Stored entries
______________________________
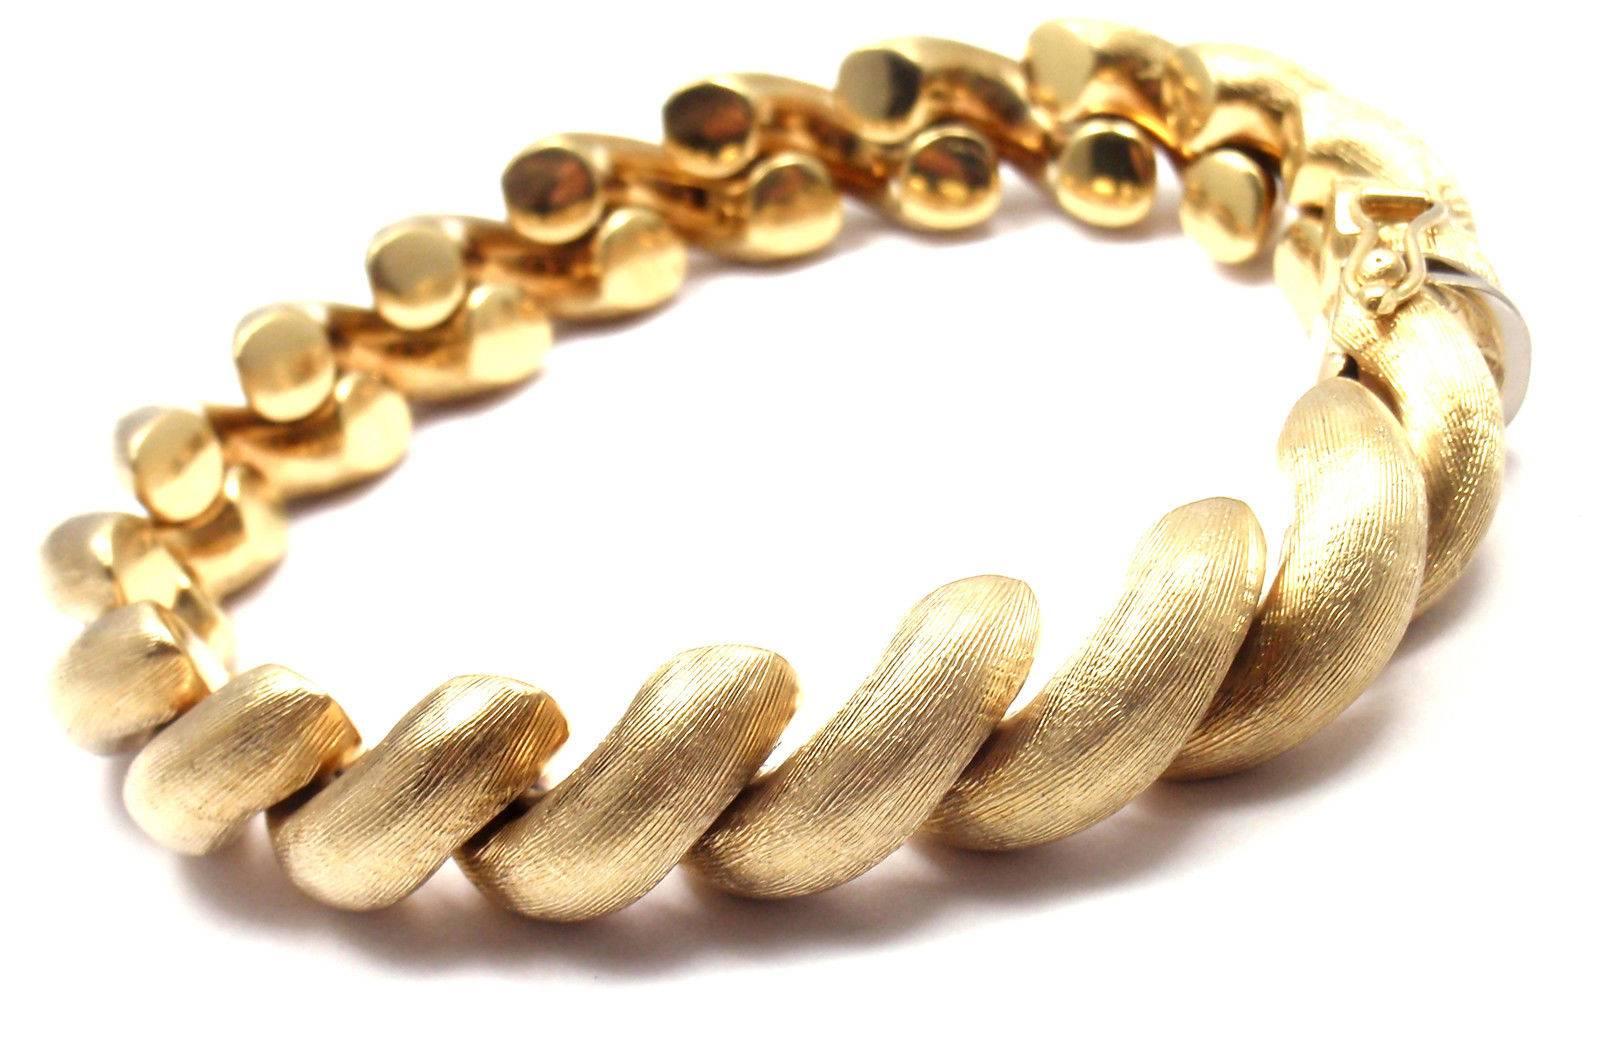 18k Yellow Gold Estate San Marco Macaroni Link Chain Bracelet.

Details: 
Length: 7 1/4"
Width: 11mm
Weight: 42.5 grams
Stamped Hallmarks: 750 Star

*Free Shipping within the United States* 
YOUR PRICE: $3,000
T1317mete
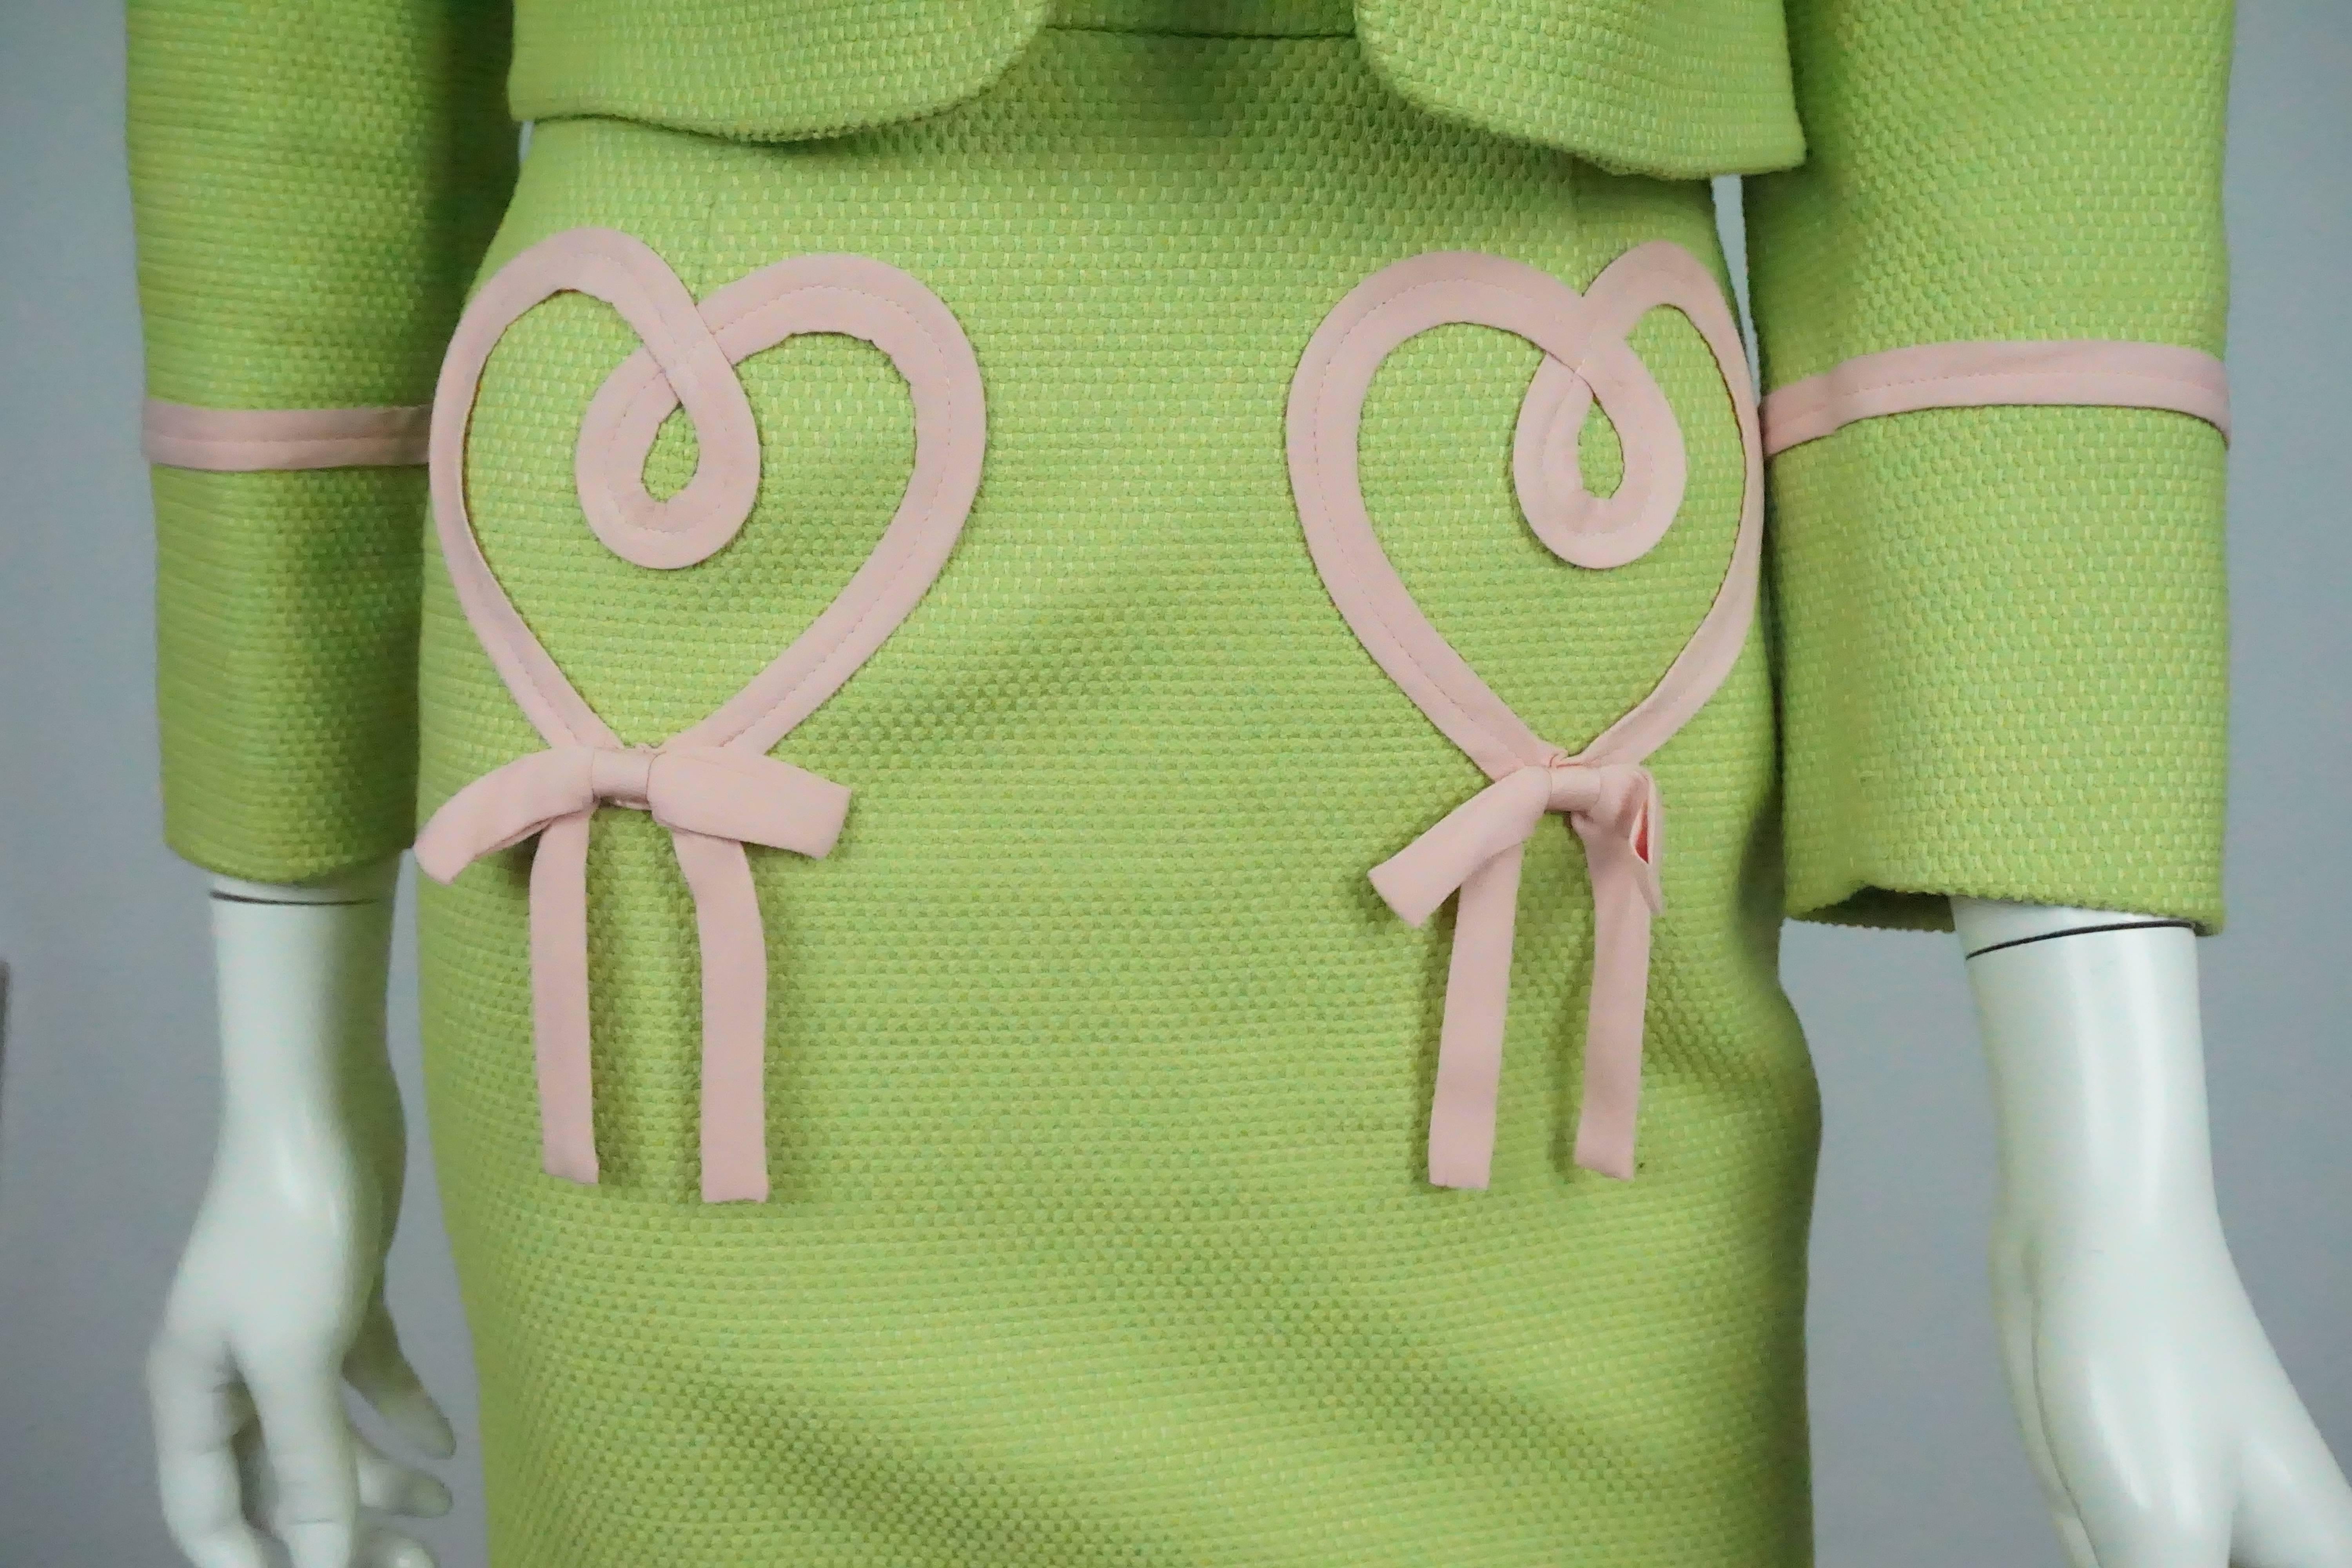 Women's Moschino Cheap and Chic Jacket/Skirt/Top Lime Green Pique w/ Pink Silk Trim - 4
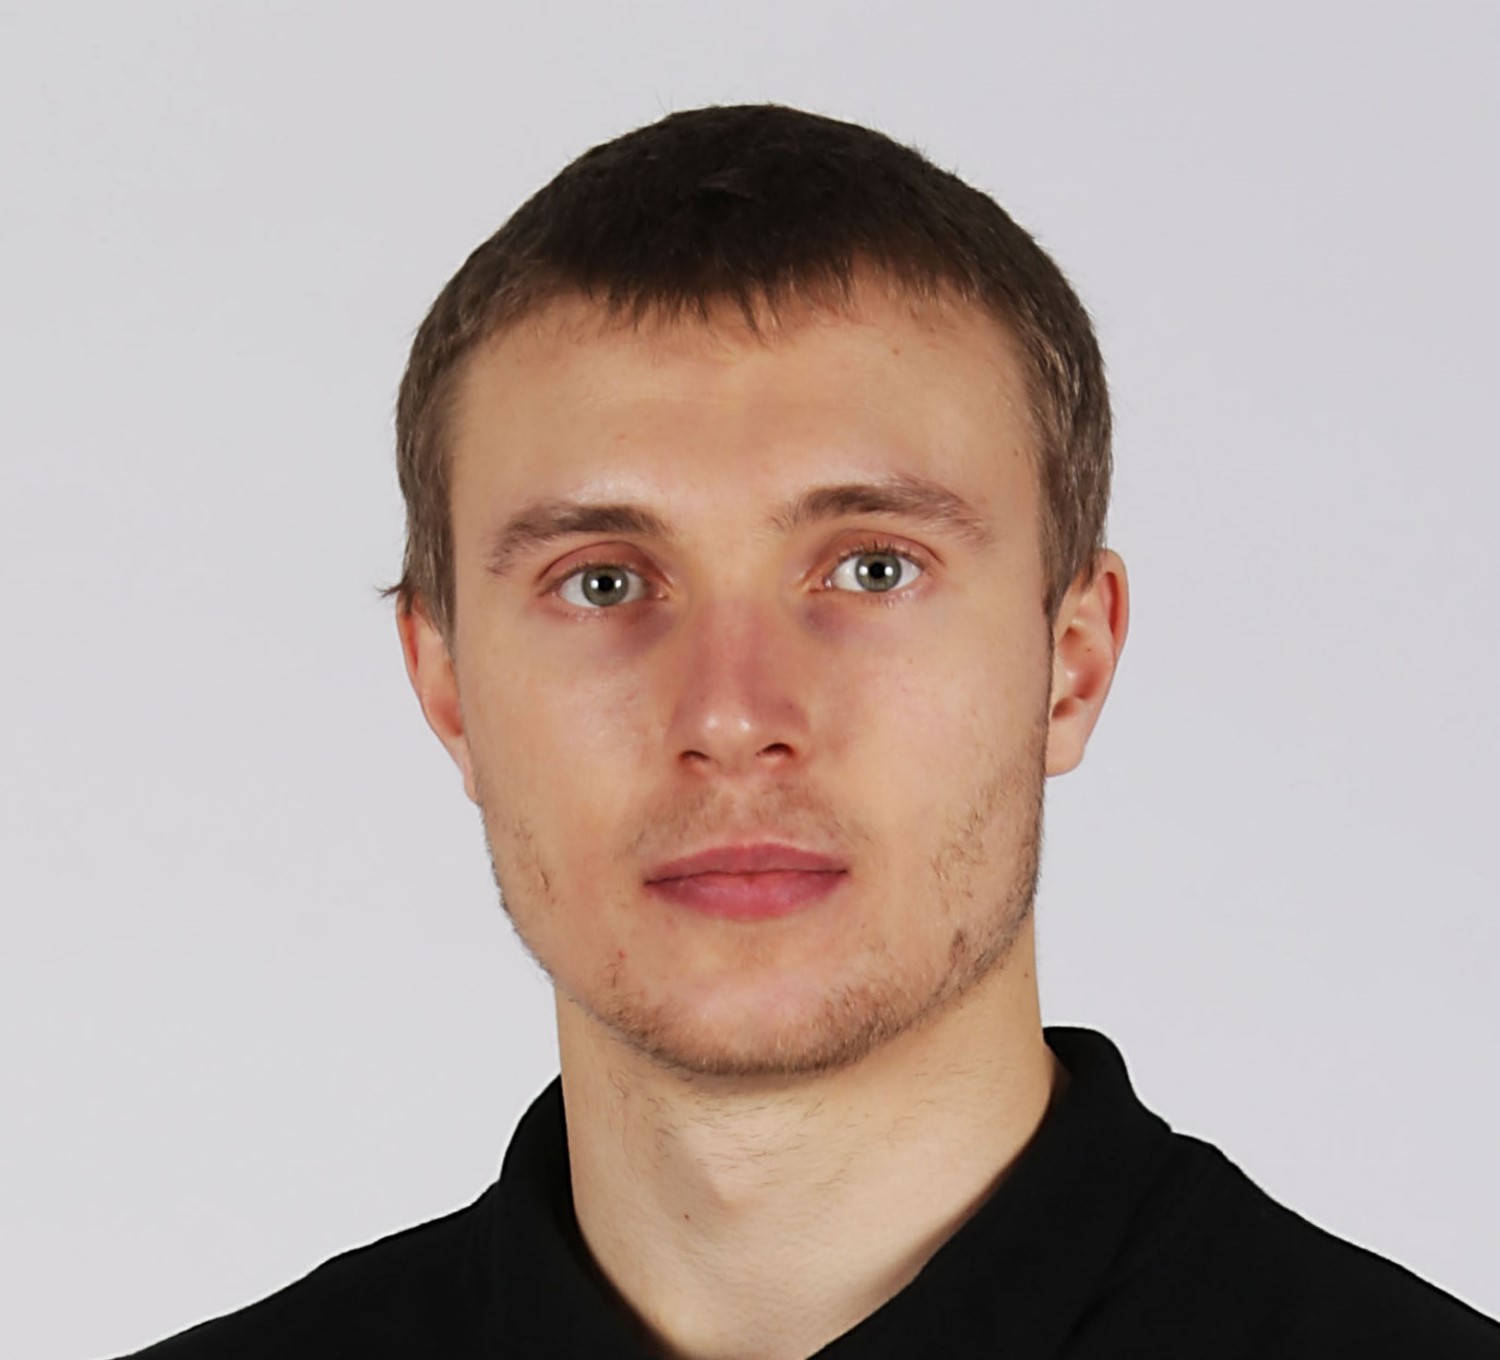 Sirotkin not giving up on F1. He must think he can bring an even bigger check next year
______________________________
**Your objective**
Wherever an image appears, omit it; copy the rest of the records exactly.

**Problem solution**
 18k Yellow Gold Estate San Marco Macaroni Link Chain Bracelet.

Details: 
Length: 7 1/4"
Width: 11mm
Weight: 42.5 grams
Stamped Hallmarks: 750 Star

*Free Shipping within the United States* 
YOUR PRICE: $3,000
T1317mete
 Women's Moschino Cheap and Chic Jacket/Skirt/Top Lime Green Pique w/ Pink Silk Trim - 4
 Sirotkin not giving up on F1. He must think he can bring an even bigger check next year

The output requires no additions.